Comparative analyses of Rht-1 locus regions from different species enhance our understanding of the structure and evolution of grass genomes. Divergence time analysis using the two gene sequences showed a significant overestimate of the time of tetraploid wheat formation, which occurred no more than 0.2756 Mya (Table 4). This upper estimate is fairly consistent with the previous reports [3,5]. The estimates based on synonymous substitutions are only approximate due to very low sequence divergence. Based on the nucleotide substitution rate of the two genes, the divergence times of A and B, A and D, and B and D were estimated to be 11.8597, 9.4751 and 9.8010 Mya, respectively. These estimated results are very consistent with the estimations based on the ACC1 loci [25]. The divergence of B genome might occur prior to the separation of A and D genomes. The diploid D genome was the latest genome added to the hexaploid wheat and showed high sequence conservation. The divergence time calculated based on Rht and DUF6-like gene together showed that B. distachyon and O. sativa diverged from each other only after they diverged from Z. mays. Several full-length LTR retroelements and two gene sequences were also employed to estimate the divergence times of B. distachyon and T. aestivum to be 38.7438 Mya, S. bicolor and T. aestivum to be 55.1240 Mya, O. sativa and T. aestivum to be 65.0742 Mya, Z. mays and T. aestivum to be 62.0322 Mya, and S. italica and T. aestivum to 48.0504Mya, respectively (Table 4). The B. distachyon - T. aestivum divergence time is within the range of a former estimate (35-40Mya) based on multiple gene sequences [40].

Accession code.

DNA sequencing data are deposited in the National Center for Biotechnology Information (http://www.ncbi.nlm.nih.gov/) under accession number JX978696, KF282627, KF282628, KF282629, KF282630,HQ435325,HQ435330.

Supporting Information

Figure S1.

Structure of Fragile-X-F-like, DUF6-like and Rht homologous genes between wheat subgenomes, B. distachyon, O. sativa, S. bicolor, Z. mays and S. italica, and expression pattern of the genes predicated in the Rht-1 homologous regions. (A) Structure of Fragile-X-F-like gene; (B), Structure of DUF6-like gene; (C), Structure of Rht gene; (D), 1, root, 2, stem, 3, leaf, 4, seed; Straight line boxes represent exons of identical size for the all species, bending line boxes represent exons of different size, while lines represent introns.

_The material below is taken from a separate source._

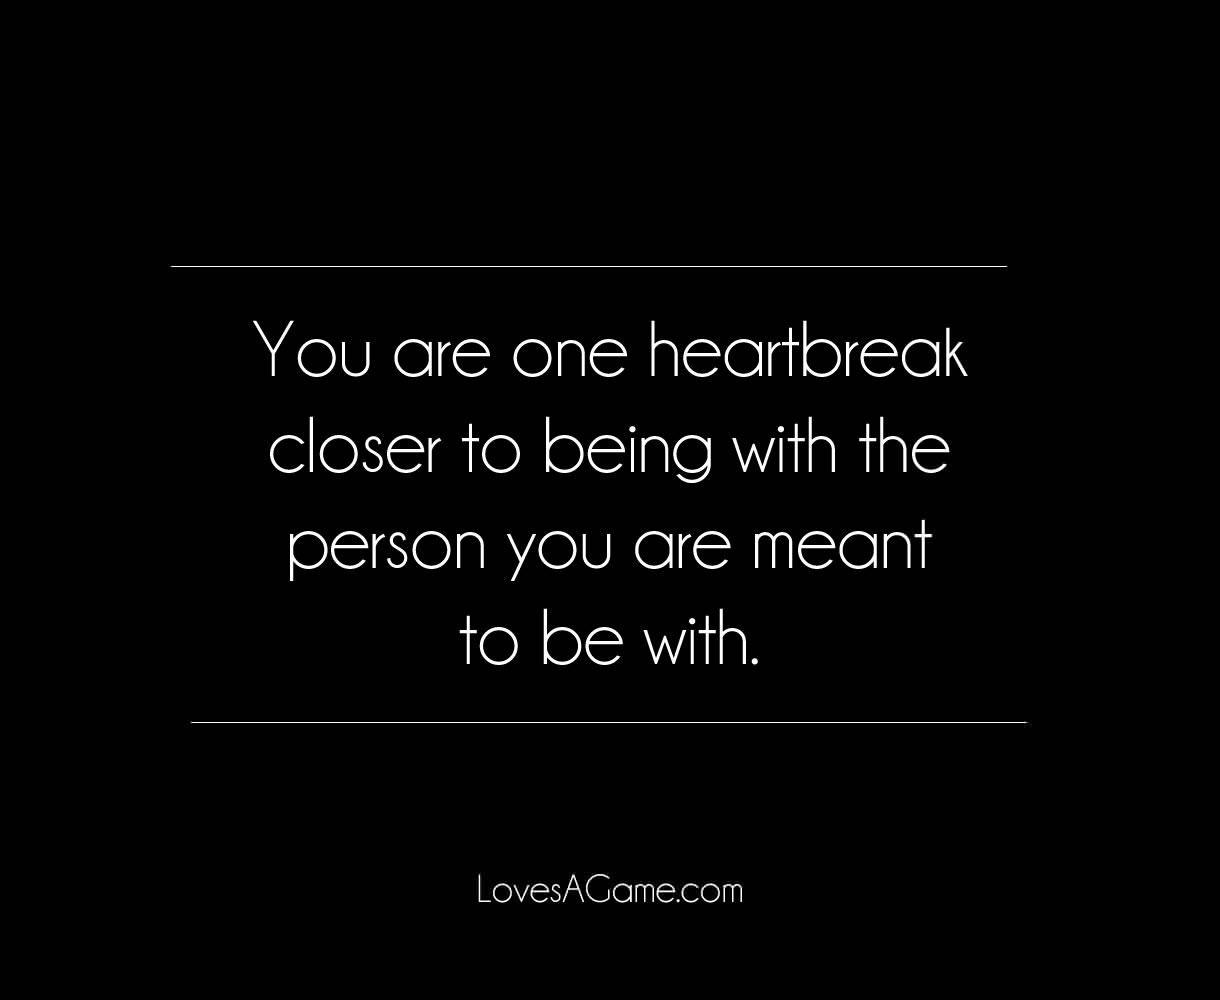 Positive Quotes After Heartbreak Pinterest thumbnail

https://doi.org/10.1371/journal.pone.0075544.s001

(TIF)

Figure S2.

Schematic scaled repressesntations of different polyploid levels of A, B, and D genomes, respectively. Gene models are shown in red rectangles, arrows indicate the direction of transcription. rectangles. Transposons are shown in green, brown, violet and blue for LTR-retrotransposons, CACTA, tRNA and LINE, respectively. Stars represent MITE sequence. Yellow rectangles represent unknown sequences. (A) Different polyploid levels of A genomes; (B), Different polyploid levels of B genomes; (C), Different polyploid levels of D genomes; Broken lines represent homologous region.

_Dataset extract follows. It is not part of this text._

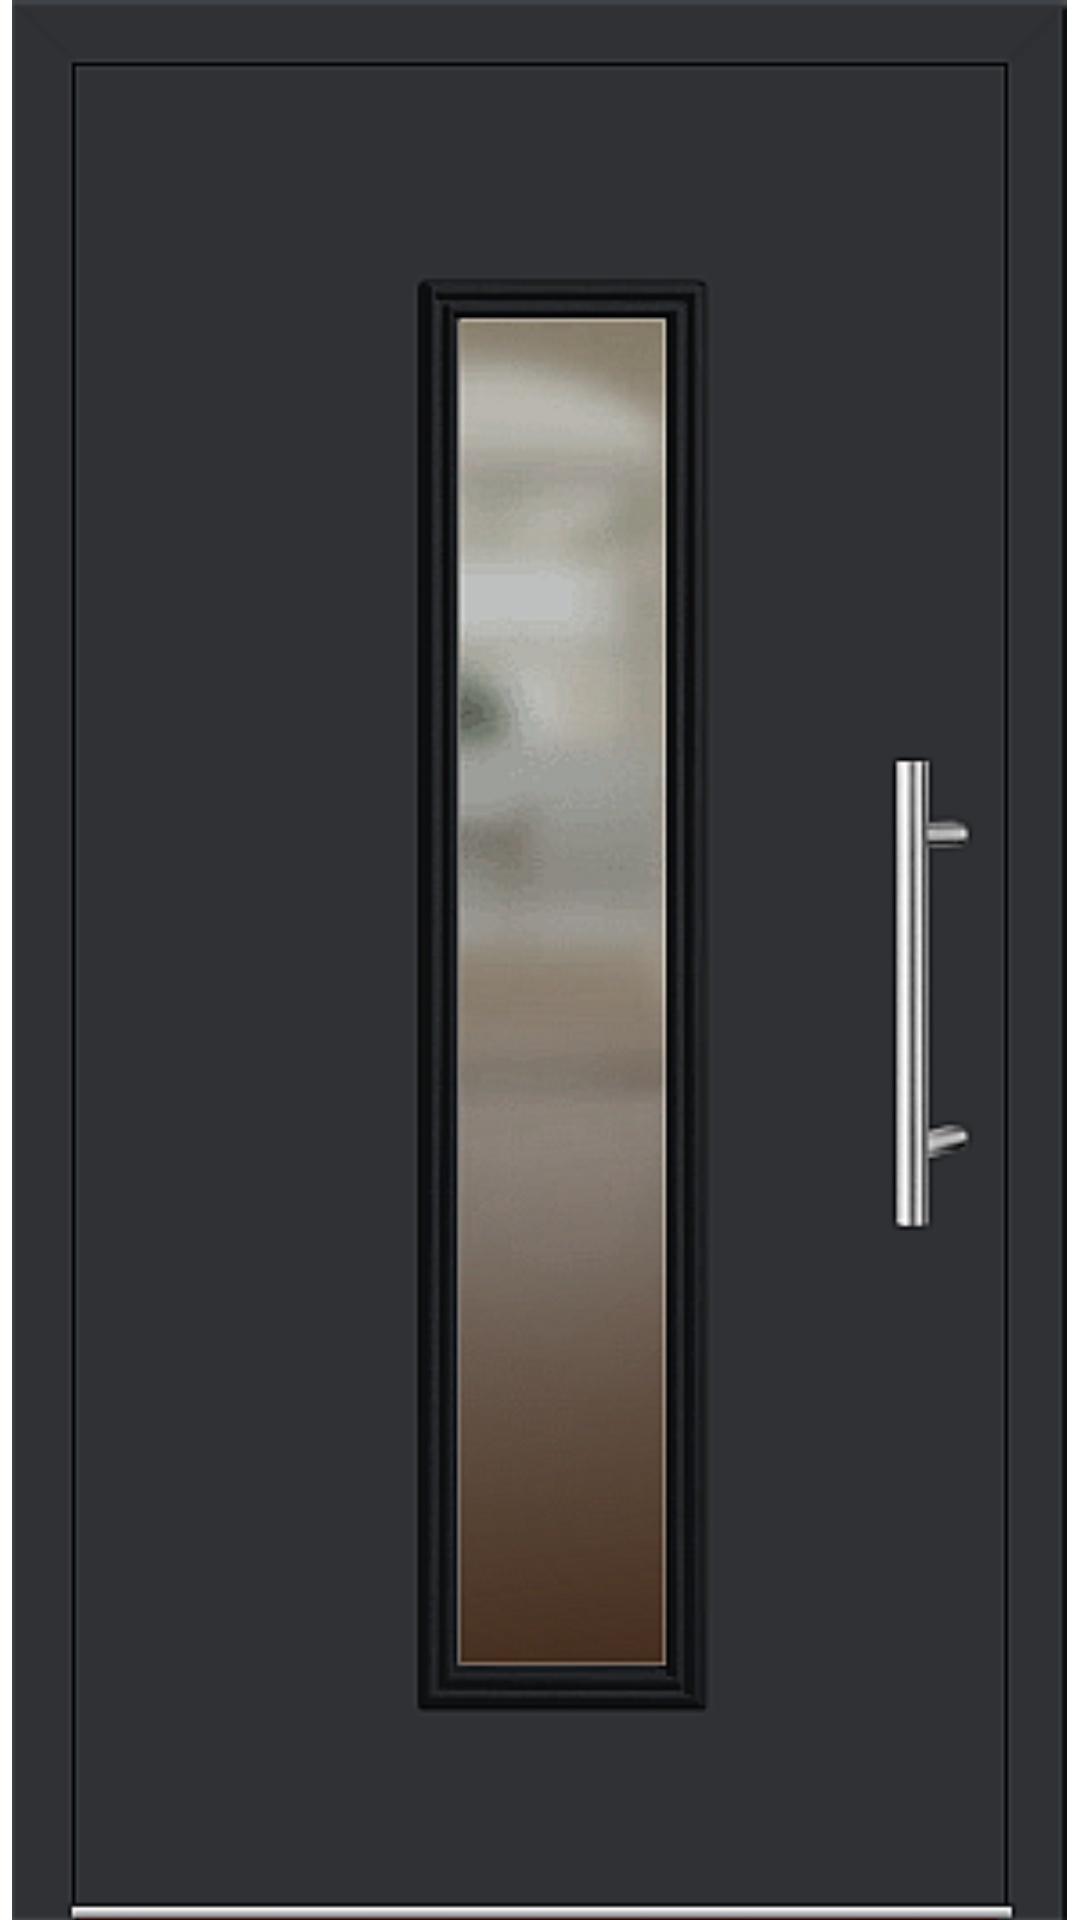 Kunststoff Haustür Modell 6921-60 schwarz

https://doi.org/10.1371/journal.pone.0075544.s002

(TIF)

Figure S3.

Compare of collinear regions between A, B and D genomes. Gene models are shown in red rectangles; arrows indicate the direction of transcription. Transposons are shown in green, brown, violet and blue for LTR-retrotransposons, CACTA, tRNA and LINE, respectively. Stars represent MITE sequence. Yellow rectangles represent unknown sequences. Broken lines represent homologous region.

https://doi.org/10.1371/journal.pone.0075544.s003

(TIF)

Figure S4.

Comparison of nucleotide sequence of CNS between different subgenomes. The sequences of CNSs from the wheat subgenomes are used for alignment with ClustalX. Gray showed the same nucleotide bases between different subgenomes. (A), CNS1; (B), CNS2;(C),CNS3.

https://doi.org/10.1371/journal.pone.0075544.s004

(TIF)

Figure S5.

Phylogenetic trees based on coding sequence data of DUF6-like and Rht genes. Protein sequences of DUF6-like and Rht genes are used to construct the phylogenetic tree. (A), DUF6-like gene phylogenetic tree; (B), Rht gene phylogenetic tree. The trees were constructed by MEGA4.0 with neighbor-Joining (NJ) and bootstrap of replications 100.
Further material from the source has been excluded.